Based on our knowledge of Webster, it’s not surprising, according to Lueders that “Webster did not respond to a request to explain the discrepancies in these accounts.”
The previous year’s report, the last year of the Doyle administration, was released in November 2010 – on time and a full seven months earlier than the comparable report released by Webster.
What were Webster, and her boss, Scott Walker hiding? 
Money.  Lots of money.
$363.8 million dollars was paid to private contractors instead of state agencies – agencies which are staffed with public employees – Walker’s political enemies. This outlay represented a 26 percent increase in spending on outside contractors over the previous year. 

Strike 3 and You’re Out Promoted
One value that Webster and Walker hold in high regard is consistency. They tell their story the way they want to tell it – facts be damned.  If a bit - or a lot of dishonesty is required to tell a tale – so be it.
Just after Walker’s recall victory it was announced that the recently created Wisconsin Economic Development Corporation - WEDC, Walker’s quasi-governmental agency, designed to shift taxpayer dollars to corporations, had offered tax incentives to Skyward, a Stevens Point educational data development company.
Skyward had been promised an $11.7 million tax break from the Walker administration contingent on winning a state contract.
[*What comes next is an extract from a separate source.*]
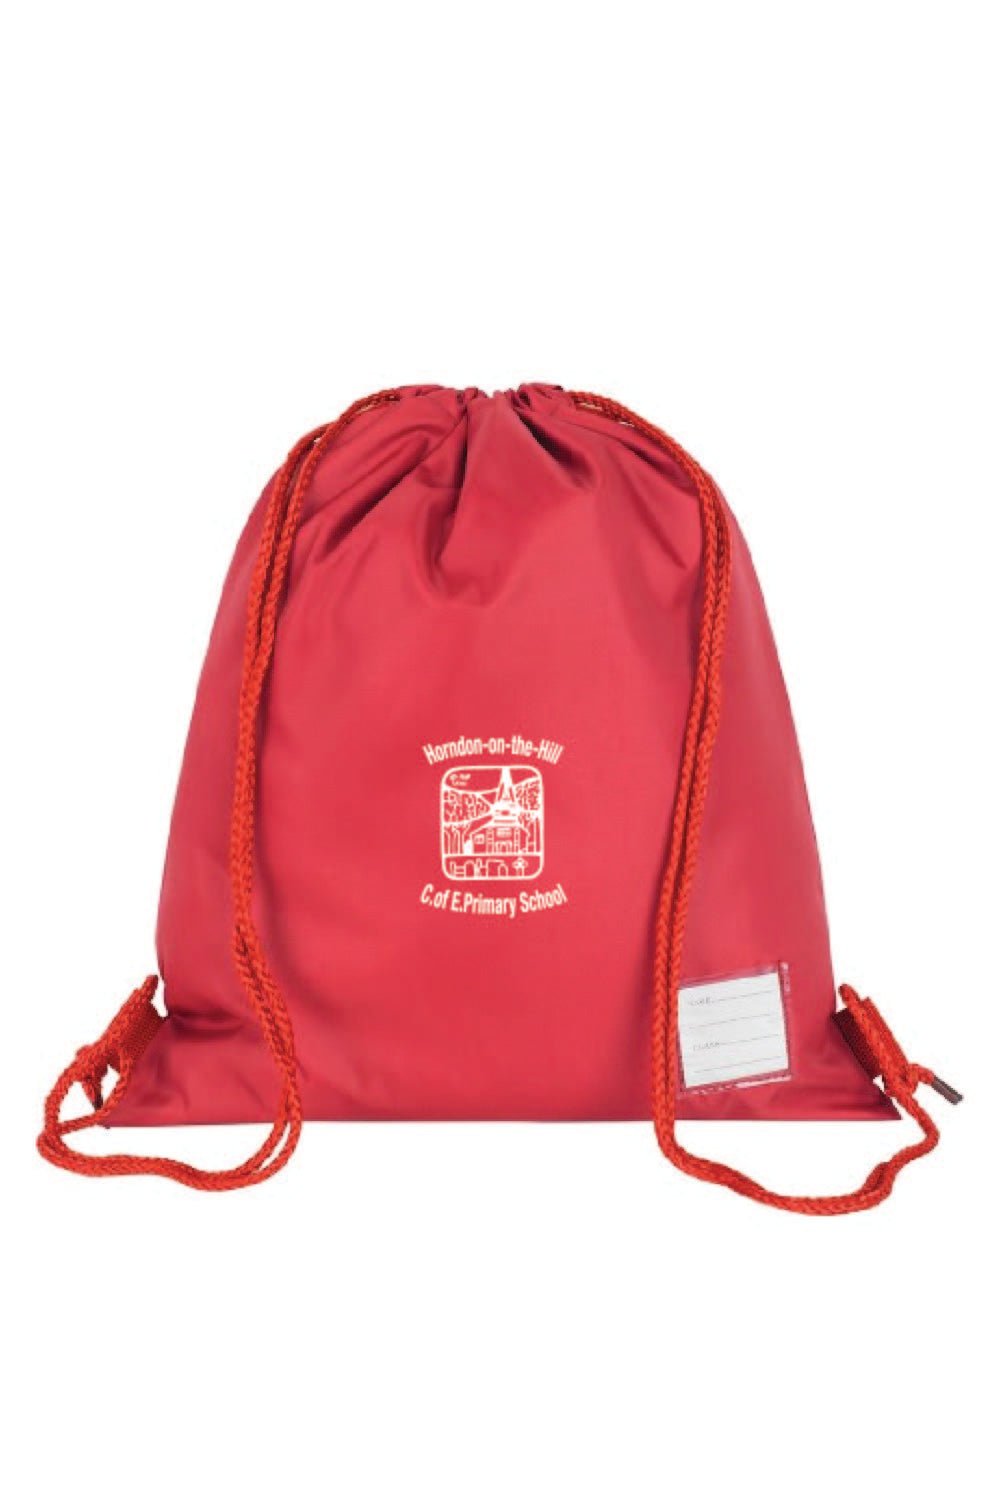 Horndon-on-the-Hill PE Bag - Uniformwise Schoolwear

Interestingly, even though public records show that the multi-million offer was made by the State to Skyward, Jocelyn Webster stated:
"To be clear, Skyward did not receive any firm commitment, monetary awards, or tax incentives from WEDC."
Webster also claimed that a March 2012 letter to Walker informing him of the deal was never received by the Governor.
Webster’s third lie did not lead to her dismissal from the Walker Administration and an ignominious exit from Wisconsin, for in Walker’s world mendacity leads to the brass ring.  
Within weeks of maintaining that Walker never received the communication confirming Skyward’s tax break, Webster was promoted to his very own Director of Communications. 
Now Webster resides in Walker’s inner sanctum, where she will be able to utilize the dark arts of political communication, which she has learned from her variety of experiences - with her ALEC-connected lobbyist father, from her one year and two investigations in Karl Rove’s White House, to her time as a “Surrogate” at the Pentagon where she manipulated the media in support of torture and the Iraq War.
And the journalists who sit on their asses - day in and day out at the Wisconsin State Capitol reported nothing about this political operative’s background.
Why don't reporters pursue stories that touch on the ethics of our political leaders?
Jason Stein, the WCCA President, in an exchange with a colleague of mine about the relationship of the WCCA to those in power, said that the Capitol reporters wished to do nothing that would damage their privileged relationship with the government.
The Capitol reporters have elevated their relationships with public servants above their relationships with their readers, the voters of the state, and the Constitution.
But the ultimate relationship of the press is with money. 
Stein’s employer saw revenues soar during the recall campaign.  Steven Smith, Chairman of the Board and CEO of Journal Communications, the parent of The Milwaukee Journal Sentinel, WTMJ 620AM, and TMJ4, reported increased operating earnings driven in large part by political advertising.
Smith also sits on the executive board of the Metropolitan Milwaukee Association of Commerce, which gave $437,000 to Walker’s during the recall race, via the Republican Governor’s Association.
With all this money invested in the Walker, and the stream of millions in political advertising revenue, it’s no surprise that Stein’s boss, and his newspaper endorsed Scott Walker.
Did all those millions influence Stein and the Capitol reporters to sit on their hands when they should have been researching and writing about Walker’s latest political appointee - Jocelyn Webster - and made them miss the story – again?